- Action item
Take the entries below and reproduce exactly the portion that begins at the line containing "Open House. Open" and ends at the line containing "Come on by and", keeping both ends, dropping pictures, and adding nothing else.

- Data in this exercise
※ ※ ※

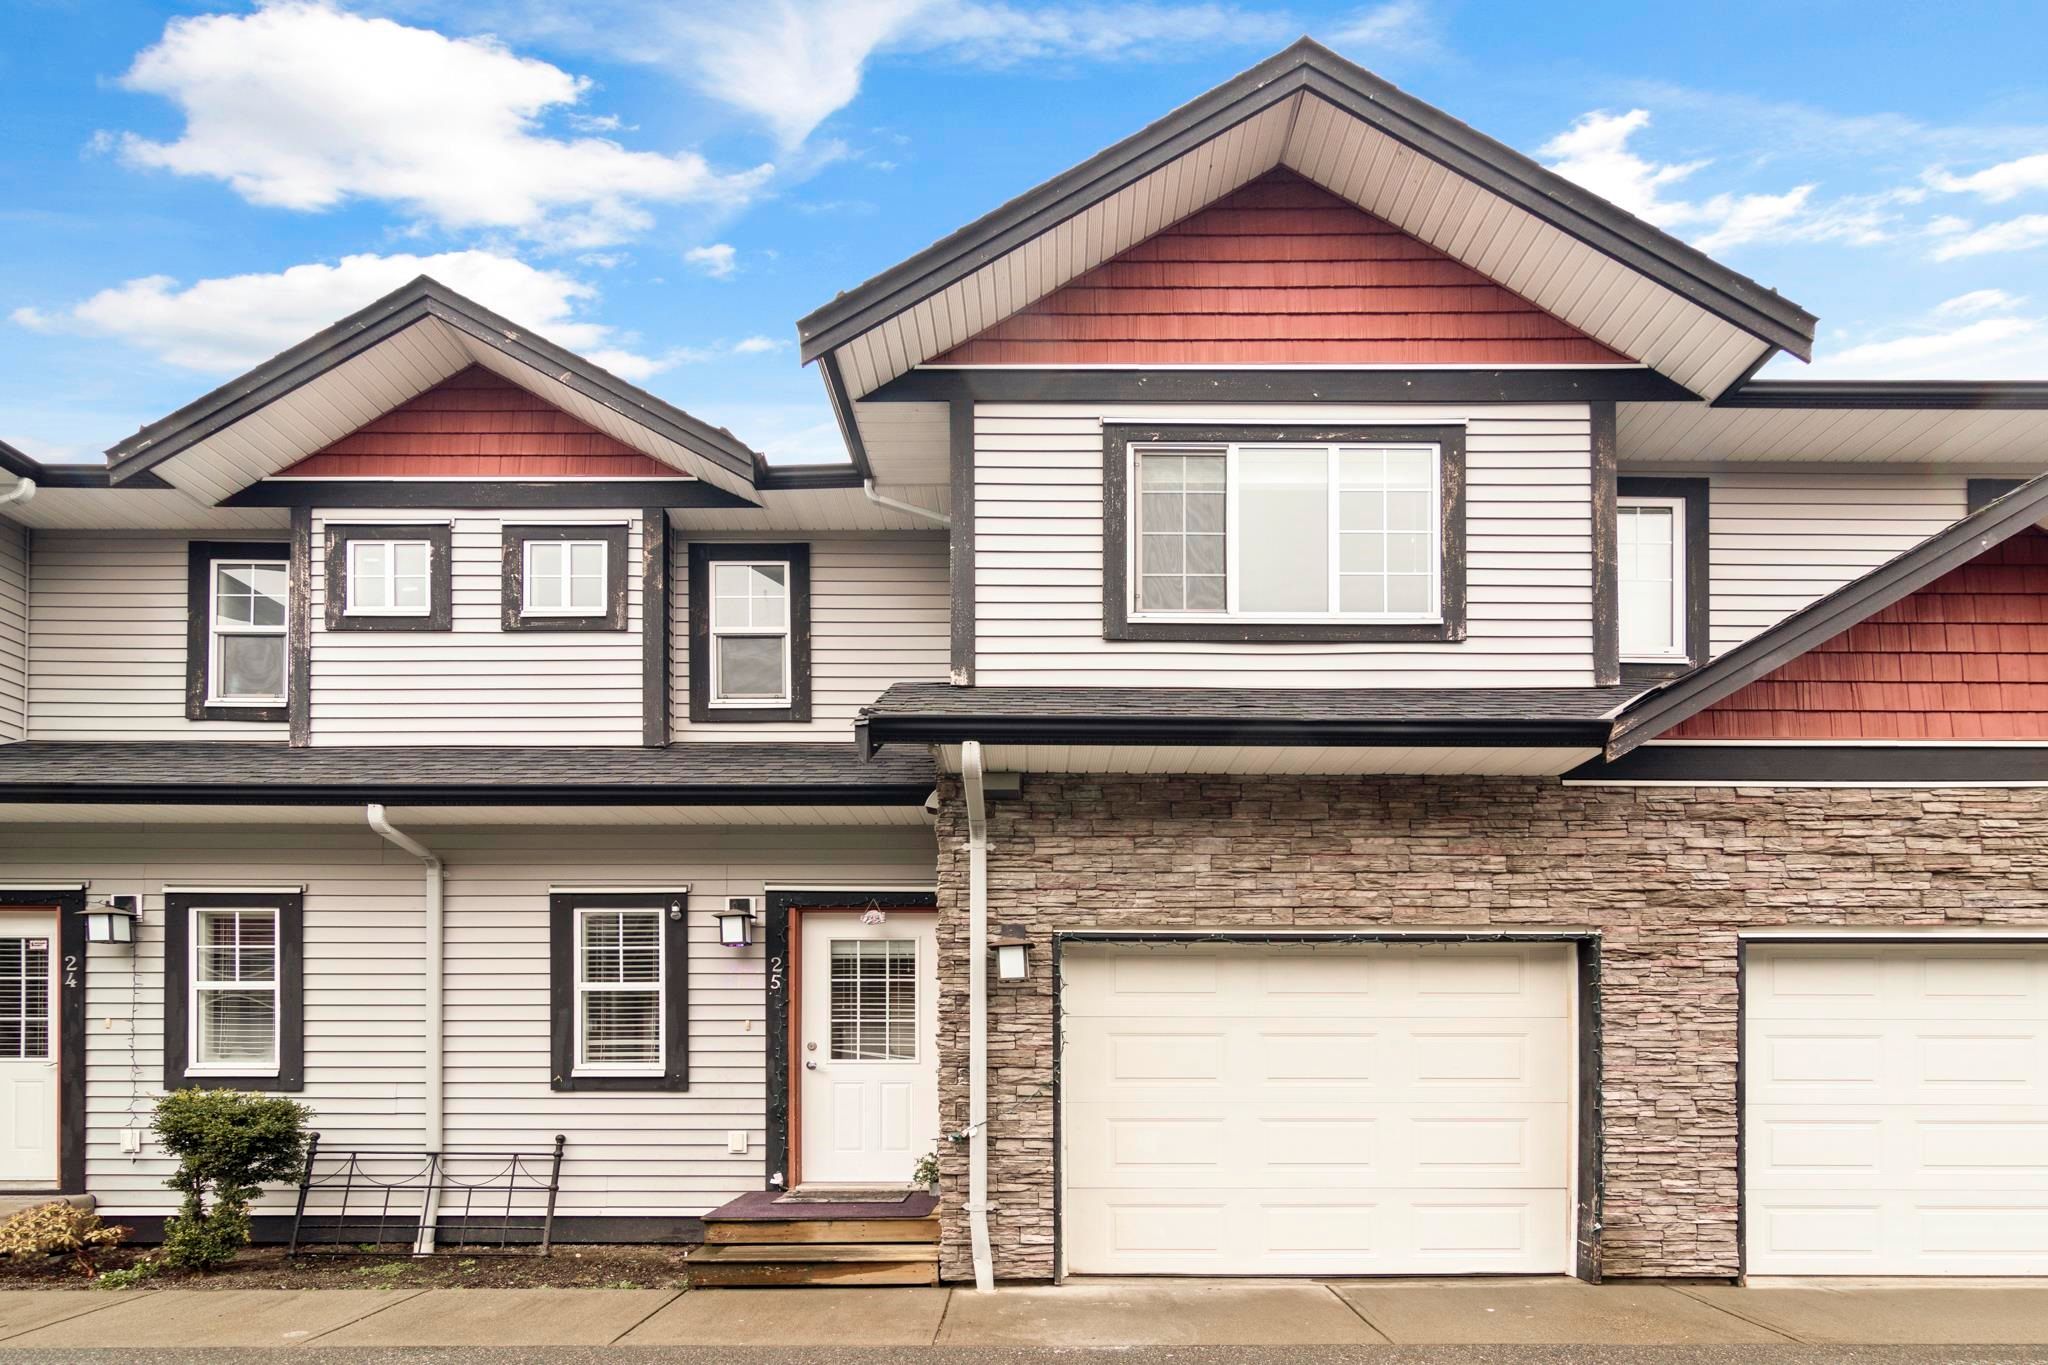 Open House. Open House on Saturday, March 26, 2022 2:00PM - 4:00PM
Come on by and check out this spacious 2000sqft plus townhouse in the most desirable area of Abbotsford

※ ※ ※

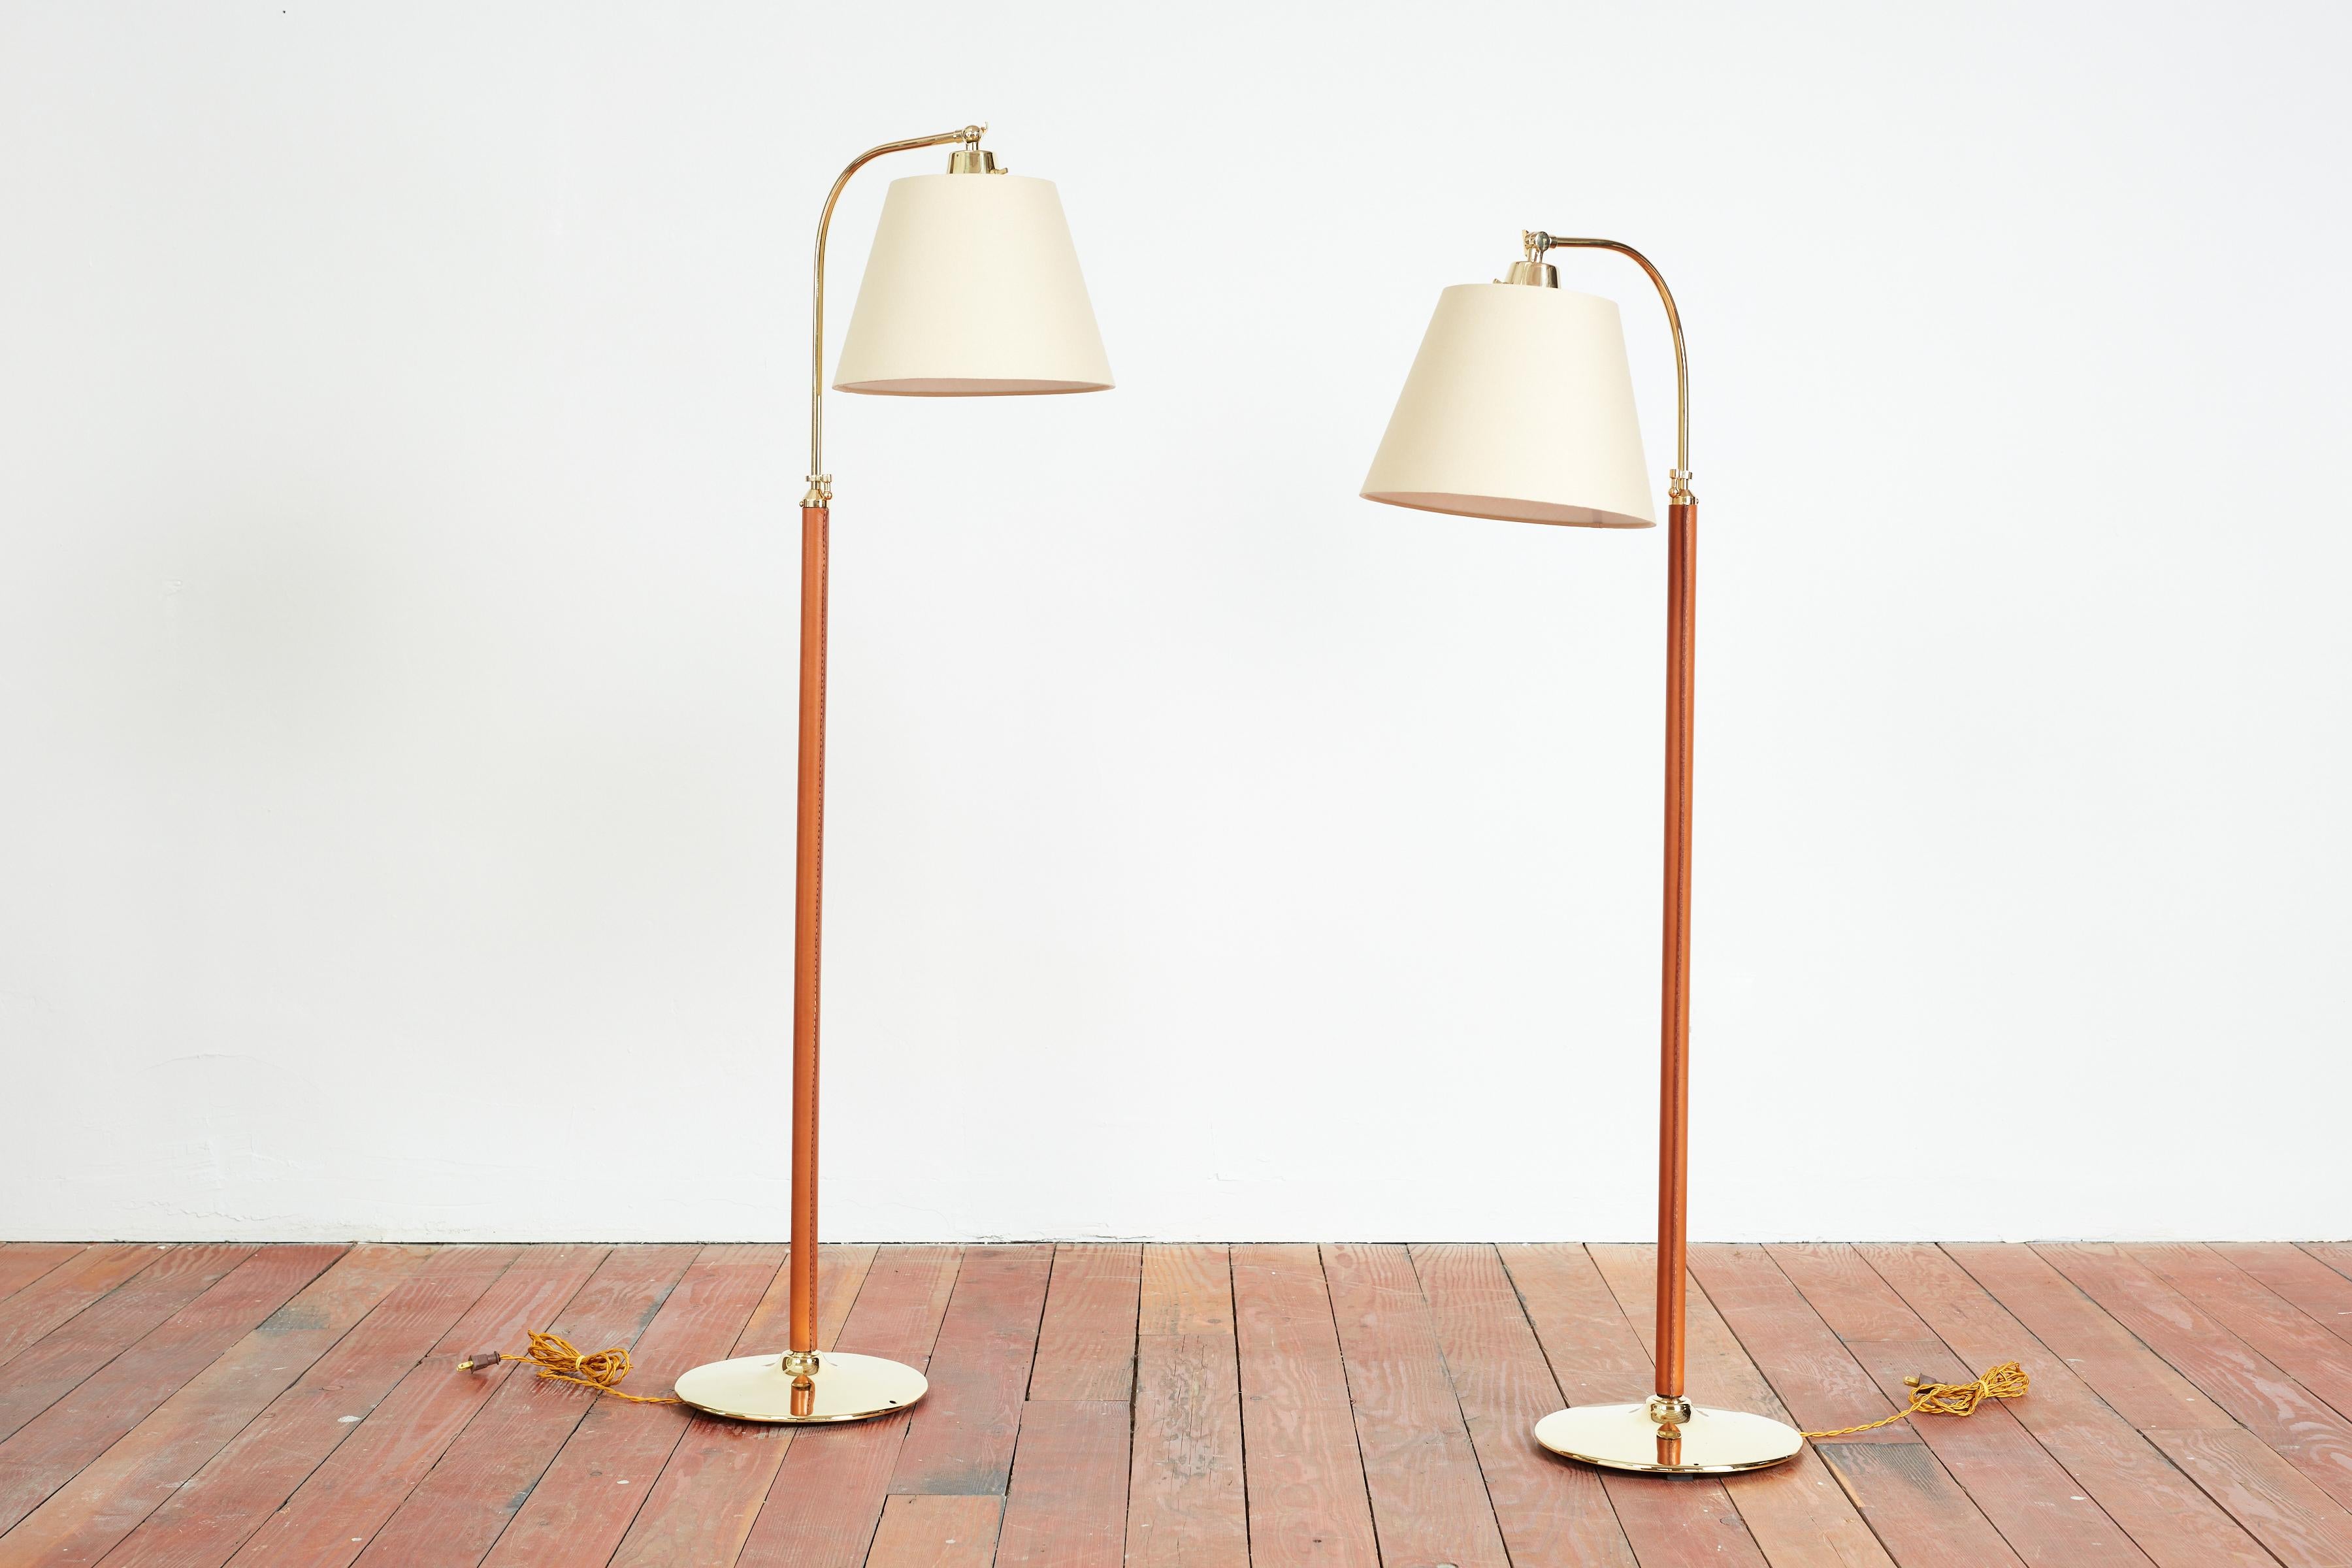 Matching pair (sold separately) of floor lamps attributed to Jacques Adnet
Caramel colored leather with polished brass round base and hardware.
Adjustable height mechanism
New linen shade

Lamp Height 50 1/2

※ ※ ※

- Answer to this problem
 Open House. Open House on Saturday, March 26, 2022 2:00PM - 4:00PM
Come on by and check out this spacious 2000sqft plus townhouse in the most desirable area of Abbotsford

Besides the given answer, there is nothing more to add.